Section 1035’s far-more-onerous certification requirements in both sets of cases are especially problematic given the current breakdown of the Guantánamo population: Of the 114 men still in custody, 53 have been cleared for transfer–and would therefore arguably have been eligible for the streamlined certification rules of the FY2014 NDAA. But even if they weren’t, only eight detainees have been transferred thus far in 2015, after 33 were transferred last year. Given that track record under the old transfer provision, it is no exaggeration to speculate that section 1035 of the FY2016 NDAA, if enacted in its current form, will make it virtually impossible to transfer most–if not all–of these 53 detainees going forward (a number that may only grow as the PRBs hear more cases), to say nothing of detainees who have not been cleared by the Secretary of Defense or a PRB.
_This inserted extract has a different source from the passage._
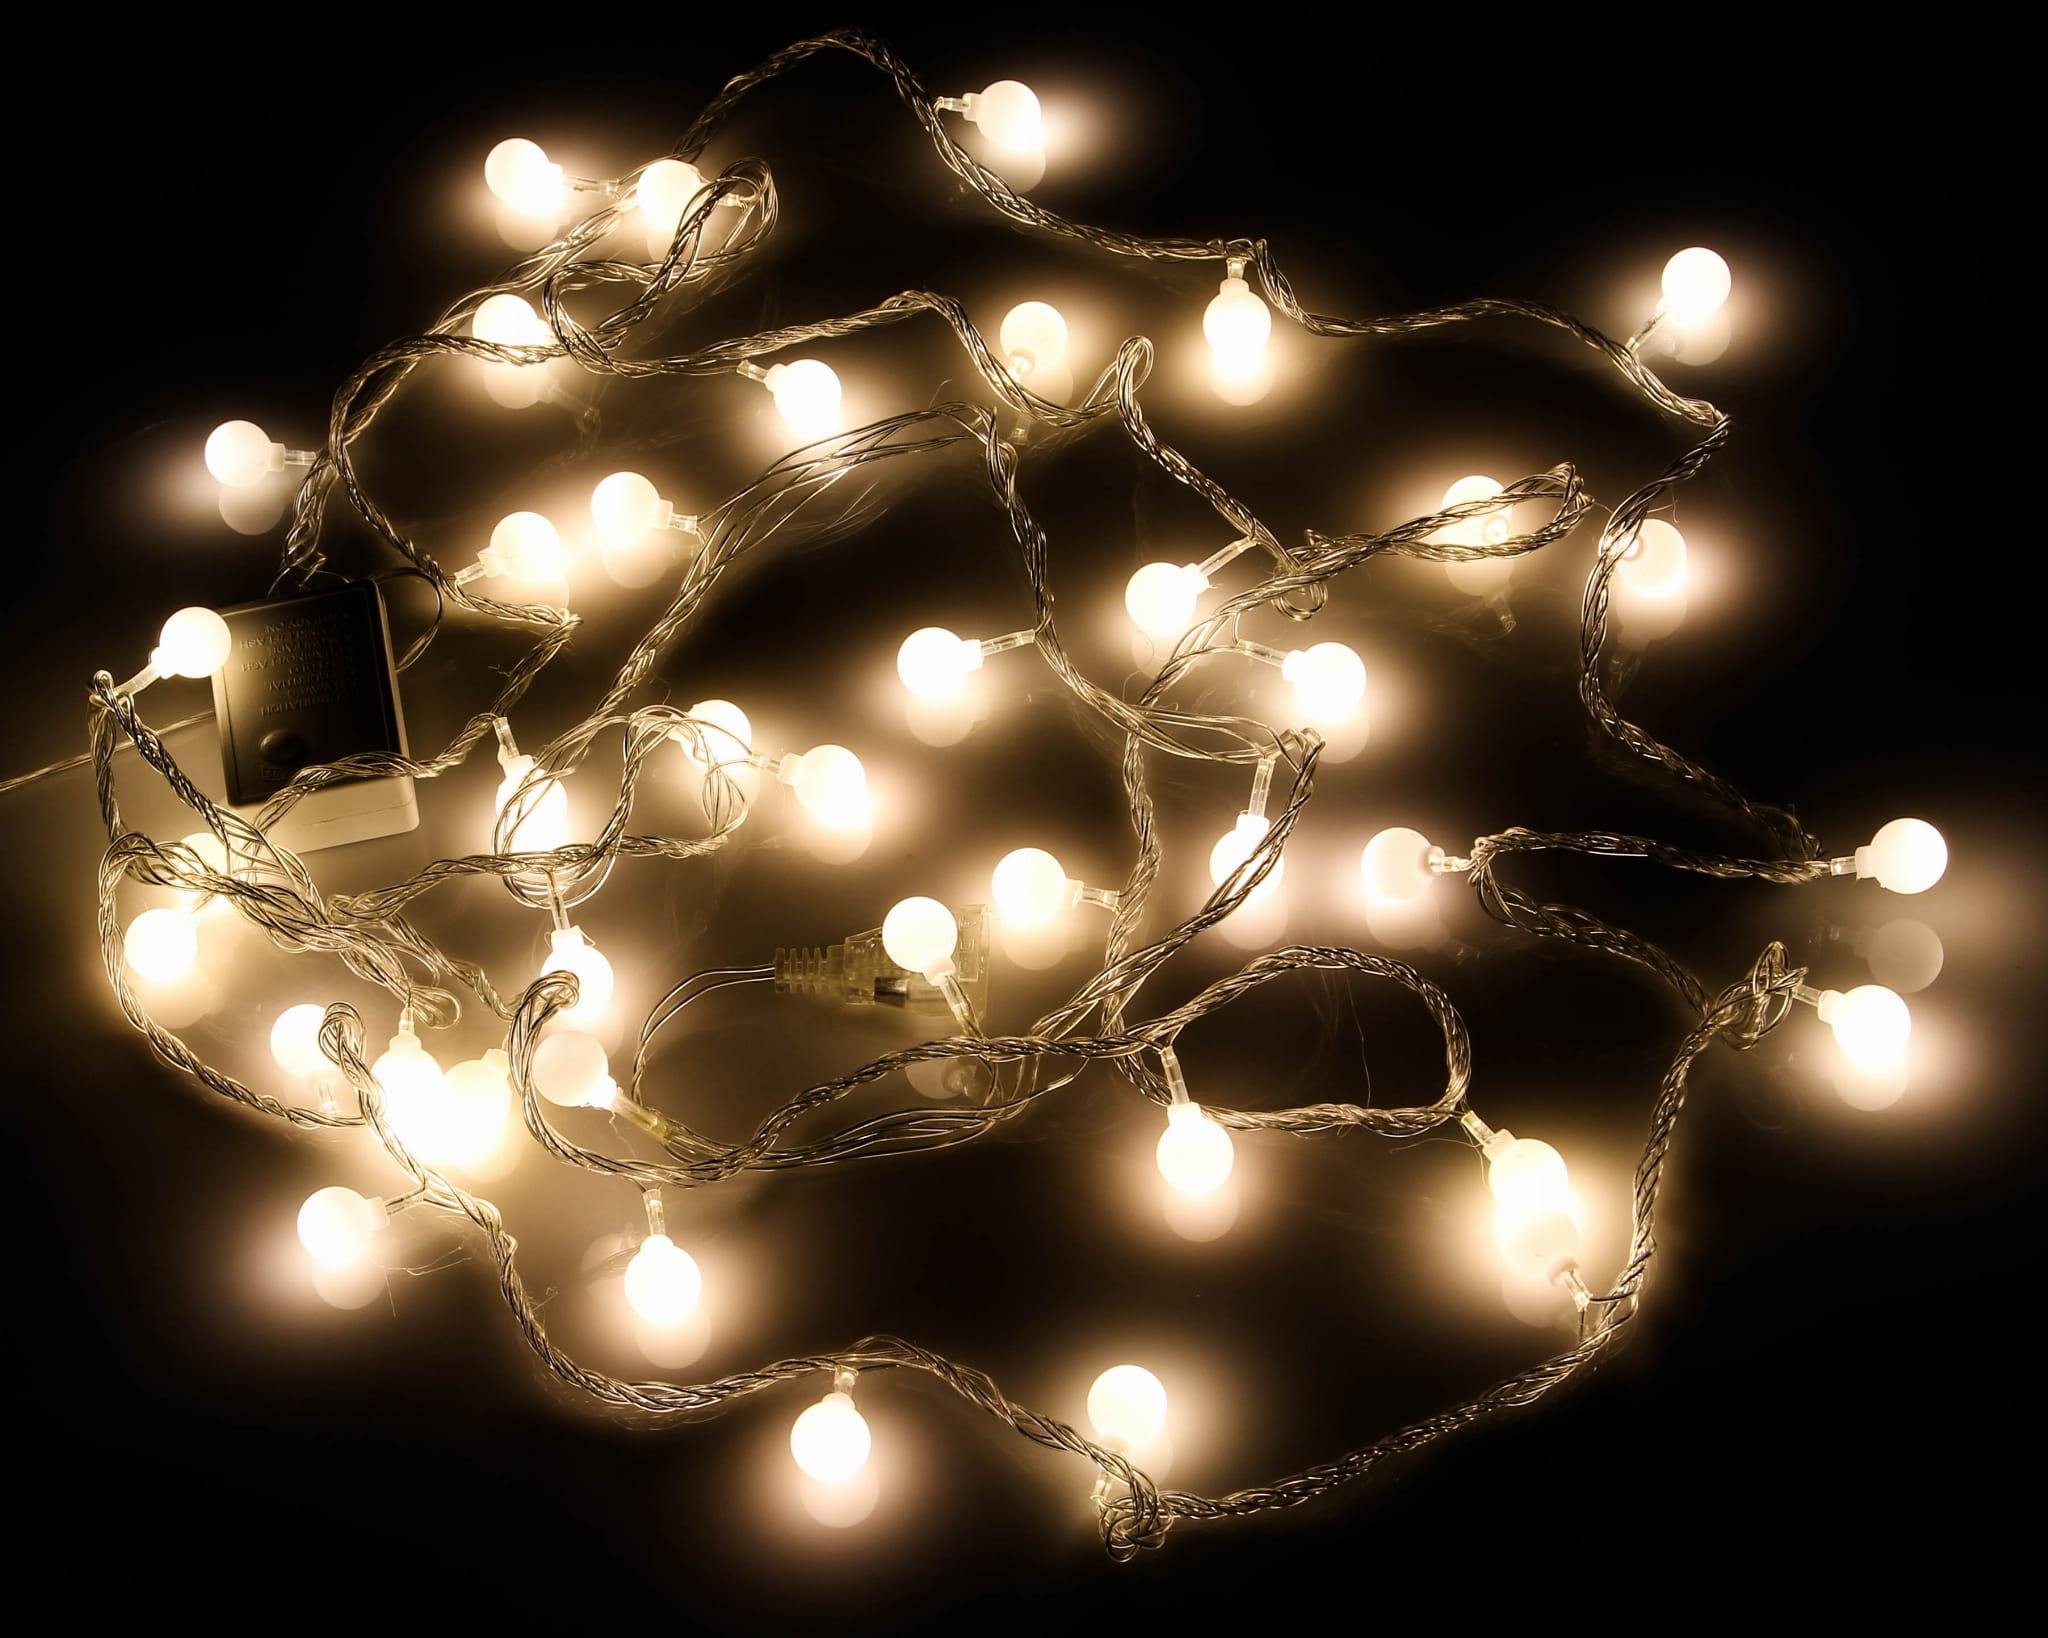 Lampki 40led Ciepła Biel 6m Joylight Ip44 Dekoracyjna Girlanda Kulki Ledowe Do Domu I Ogrodu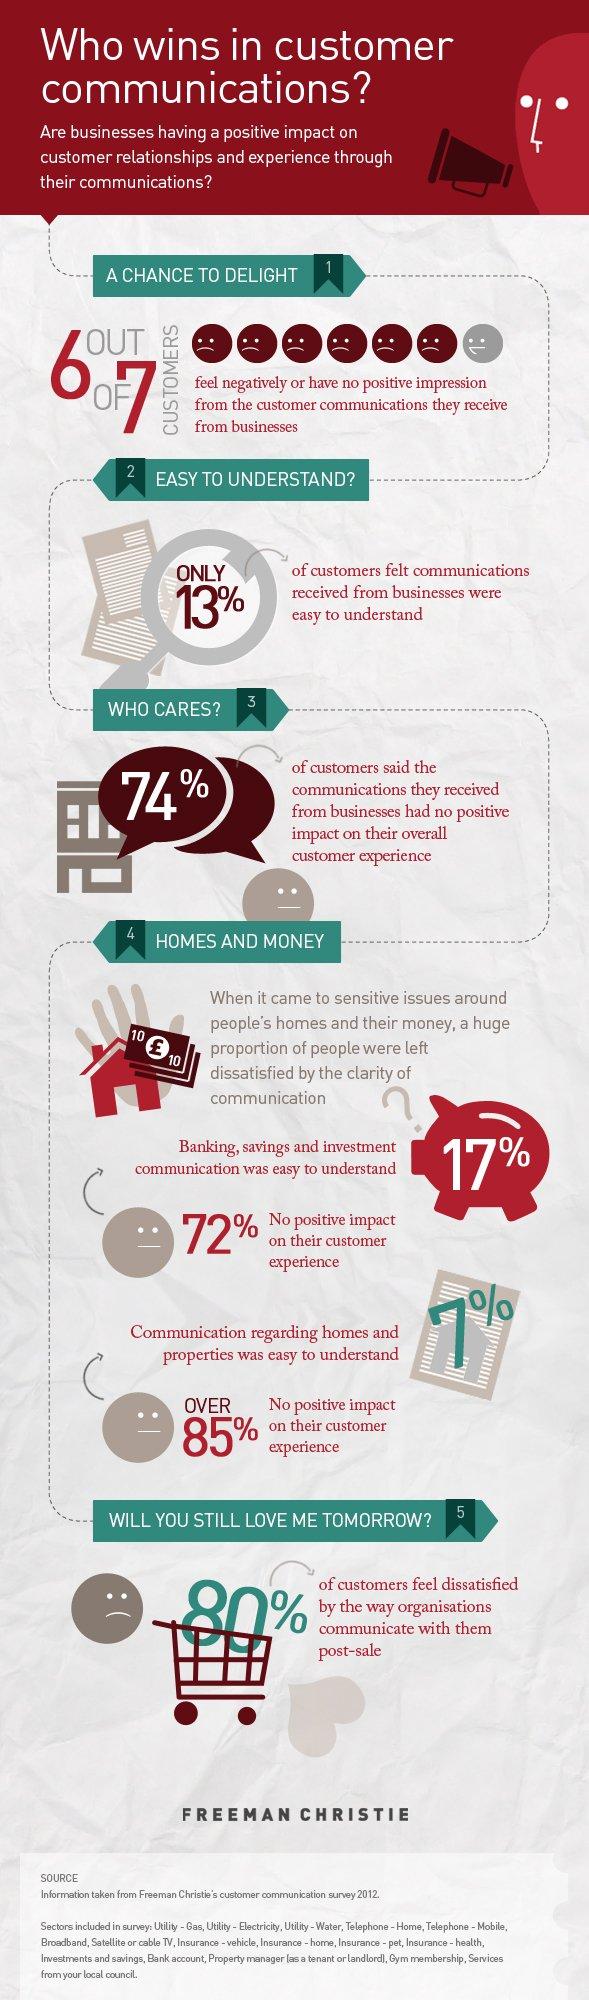 Customer communication infographic

Reasonable people can surely disagree about the best solution for those detainees who have not been cleared for release from Guantánamo–including whether they should be moved into the United States, transferred to some form of civilian administrative detention, or left at Guantánamo until the “war” is over. But I hope we can all have common cause that, for those detainees who have been cleared, all Congress would accomplish by making it that much harder for the Executive Branch to effectuate their release is to take that much more ownership of President Obama’s failure to close Guantánamo–and to do so for no other reason than politics. If President Obama really is serious about closing Guantánamo, perhaps section 1035 is another reason why he should veto the NDAA.